United States Senator from Massachusetts
- In office June 12, 1816 – May 10, 1818
- Preceded by: Christopher Gore
- Succeeded by: Prentiss Mellen

Member of the Massachusetts Senate
- In office 1808–1810

Personal details
- Born: June 24, 1770 area of Fort Edward, New York, US
- Died: May 10, 1819 (aged 48) Northampton, Massachusetts, US
- Resting place: Bridge Street Cemetery, Northampton, Massachusetts, US
- Party: Federalist
- Spouse: Lucy Hooker
- Children: George Ashmun, Lewis Ashmun, John Hooker Ashmun b. July 3, 1800, d. April 1, 1833.
- Education: Middlebury College

= Eli P. Ashmun =

U.S. Senator

Eli Porter Ashmun (June 24, 1770 – May 10, 1819) was a Federalist United States Senator from Massachusetts from 1816 to 1818.

==Early years==
Eli Porter Ashmun was the eldest child of Justus and Kezia Ashmun.

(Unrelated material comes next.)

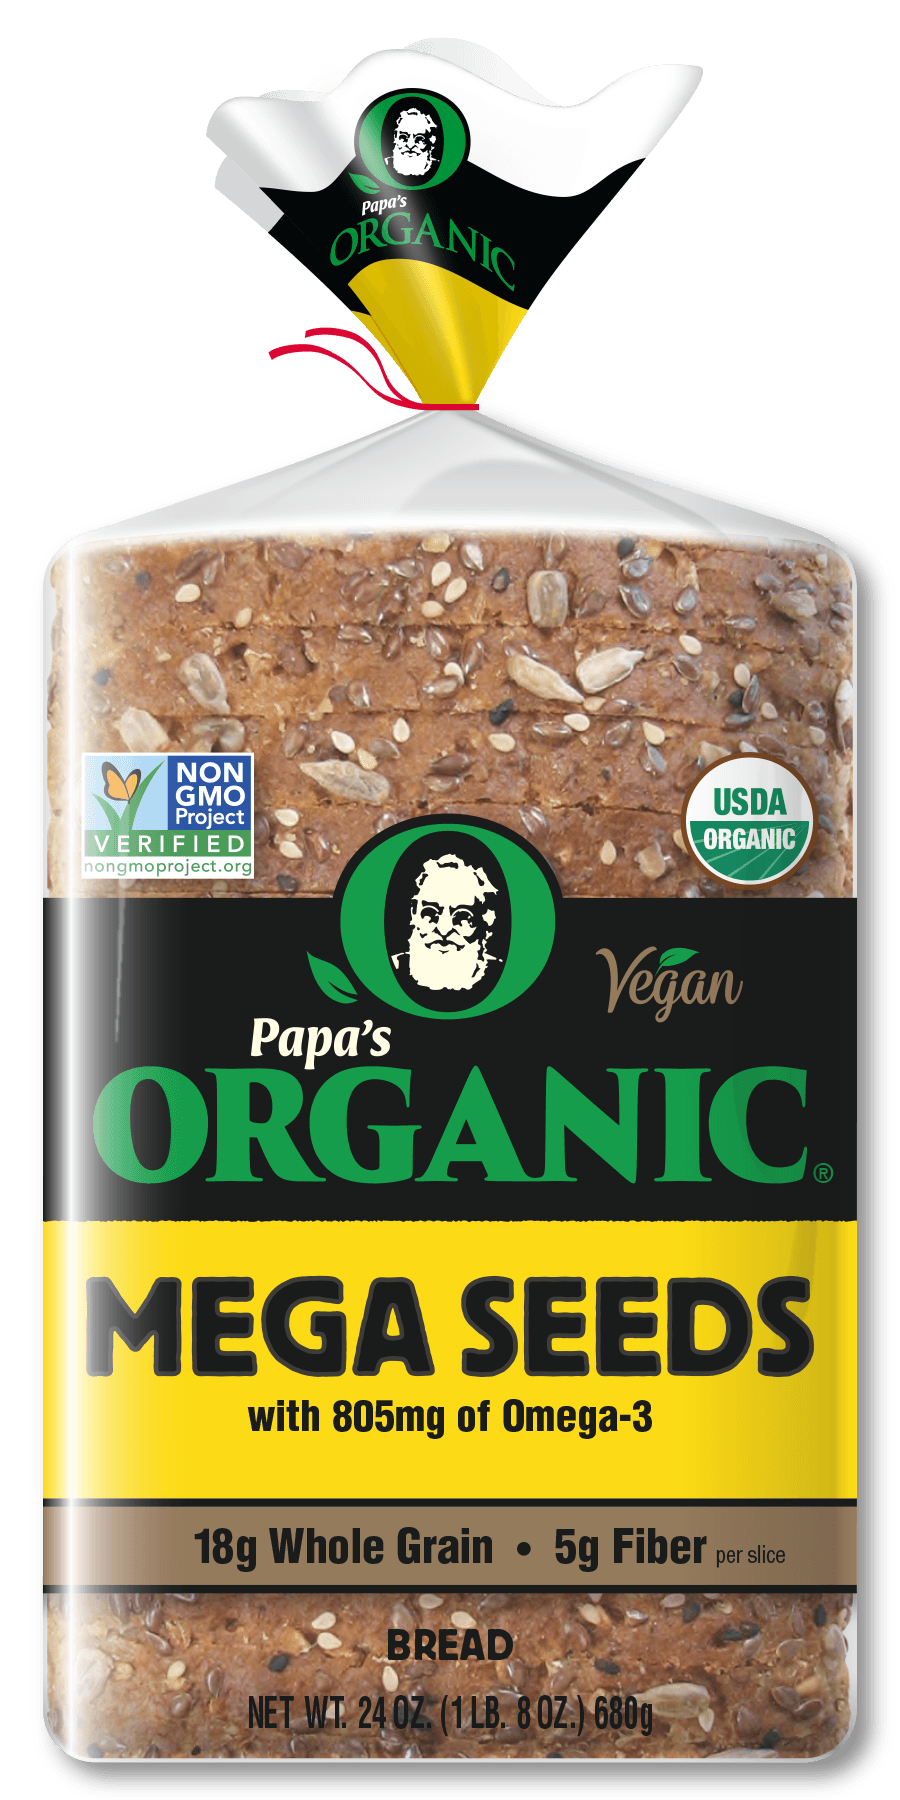 Papa's Organic Mega Seeds

He was born in the vicinity of Fort Edward, New York, from whence the family fled in 1777 during the advance of British troops of John Burgoyne in the Saratoga campaign of the American Revolutionary War. They settled in Blandford, Massachusetts, where Ashmun's father operated a tavern. Ashmun's education was quite rudimentary, but he was taken under wing by Theodore Sedgwick, who gave him legal training. He was eventually admitted to the bar, and opened the first legal practice in Blandford. He married Lucy Hooker, daughter of John Hooker of Northampton, with whom he had five children.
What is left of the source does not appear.